Past Reviews

Off Broadway Reviews

Romeo & Juliet

Theatre Review by Matthew Murray


Elizabeth Olsen and Julian Cihi.
Photo by Joan Marcus.
Verona just got a lot more swank. Well, maybe it's Verona. It could be anywhere, actually—it's kind of hard to tell. In the flavorless world of Classic Stage Company's new Romeo and Juliet, specific questions such as "where" and "why" aren't really important. Like so many other things in Tea Alagic's production they've been subsumed, if not buried altogether, by the oh-so-trendy notion that all that matters with this play is a bunch of good-looking, badly behaving people are looking good and behaving badly with each other.

To some degree, perhaps that's true. William Shakespeare's timeless tragedy, after all, does trade a fair amount on youthful hormones and the bad choices they encourage—even for those who've reached middle age and beyond. But to strip away literally everything else, from the set to complex characterizations to even the very poetry of the writing, is to invite trouble that even the finest directors and actors would struggle to fend off.

Yes, I said poetry. Alagic has chosen to use neither the opening nor the closing verse passages ("Two households, both alike in dignity" and "Never was a story of more woe"), instead beginning with a wordless montage in which the performers stand in a line onstage, Capulets and Montagues separated only by a thin barrier of light, and ending with Friar Laurence (Daniel Davis) crying aloud to the heavens about all the pain that the warring families have inflicted on their community.

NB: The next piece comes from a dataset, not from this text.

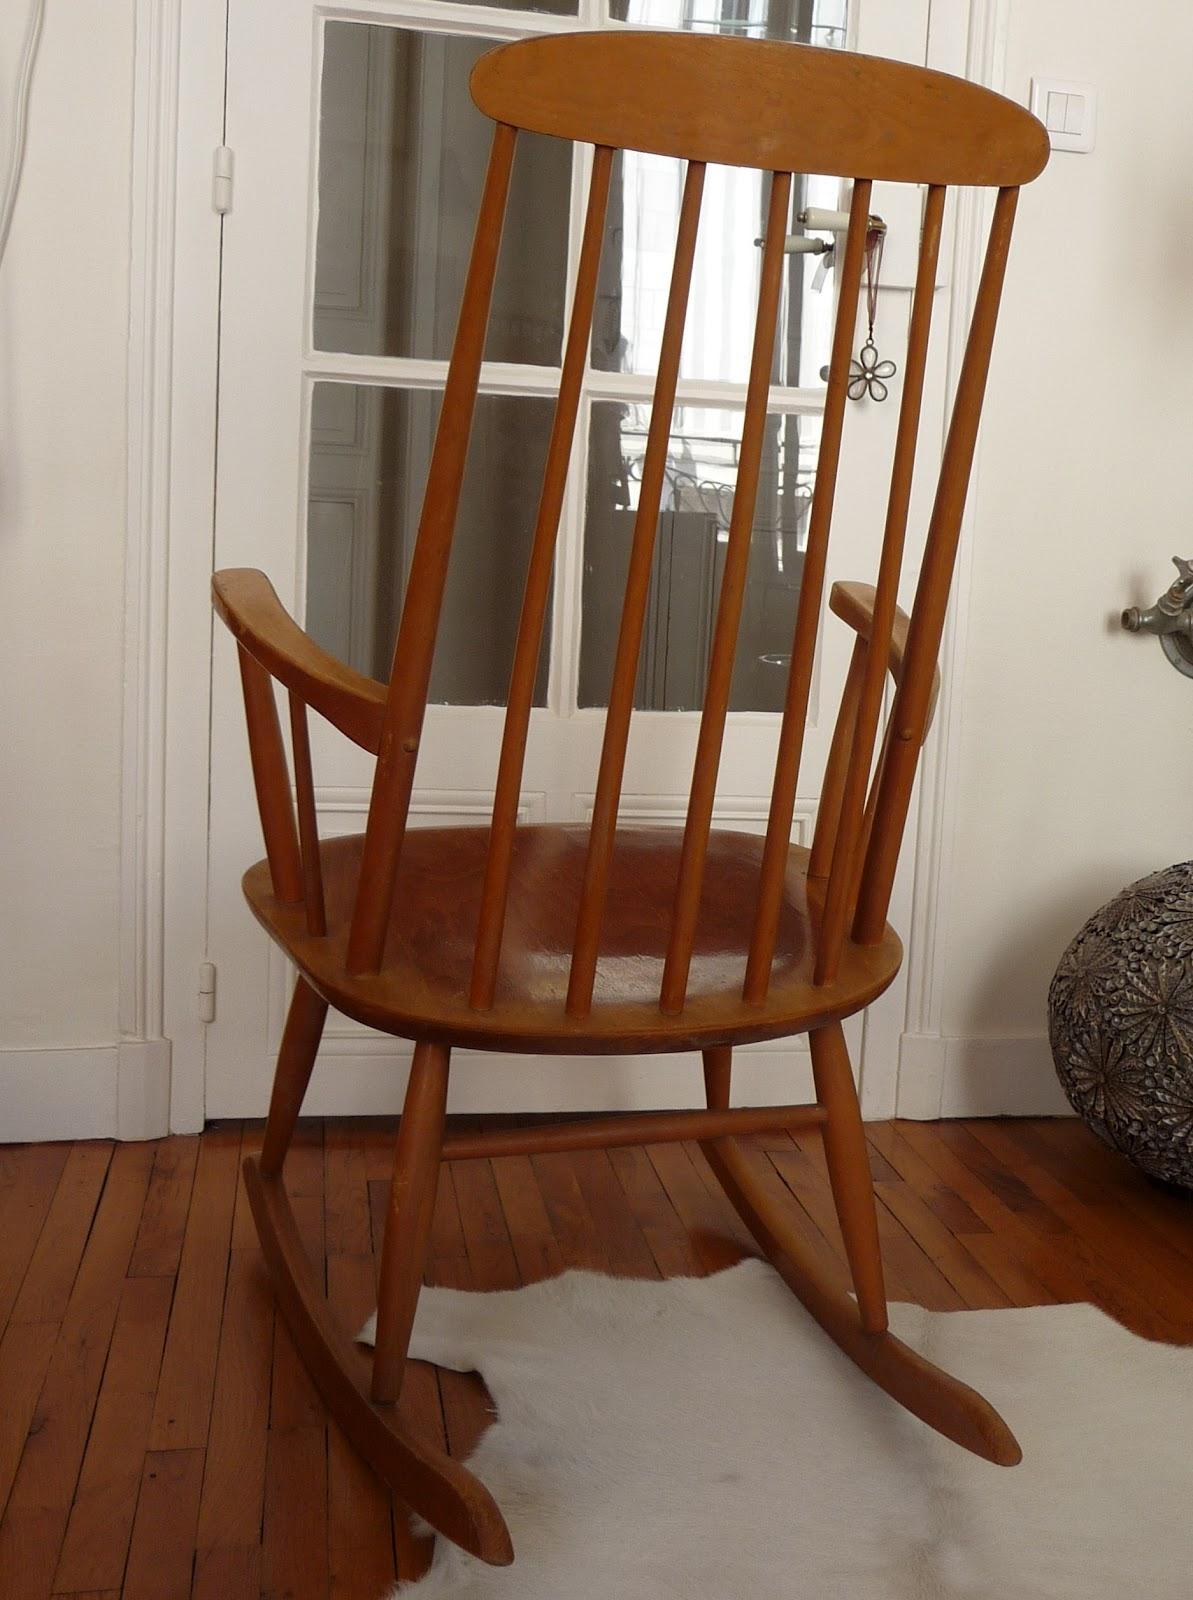 dur e de vie ind termin e rare rocking chair scandinave. Black Bedroom Furniture Sets. Home Design Ideas

This unquestionably thrusts things into the present, working with Marsha Ginsberg's shiny but functionally empty wooden box of a set (the only furniture of note are a handful of chairs upstage, and those exist only to be thrown by Kathryn Meisle, doing her best as Lady Capulet) to emphasize minimalism above all else. But, intentionally or otherwise, it also drop-kicks the play out of the realm of the romantic. And if we don't believe that Romeo (Julian Cihi) and Juliet (Elizabeth Olsen) are passionately, dangerously in love—or, heck, lust—with each other, nothing that happens afterwards makes a lick of sense.

As a result, the pair's relationship tumbles along at top speed, failing to engage us (or, apparently, themselves), as the clans war around them. Forget the balcony scene, staged and played almost as an afterthought: The death of Mercutio (T.R. Knight, over the top) is the first, and really only, time that Romeo appears invested in another person. His desperate death grip on his friend and the actions that follow speak volumes about that pair's relationship that hardly anyone bothers developing elsewhere in the evening.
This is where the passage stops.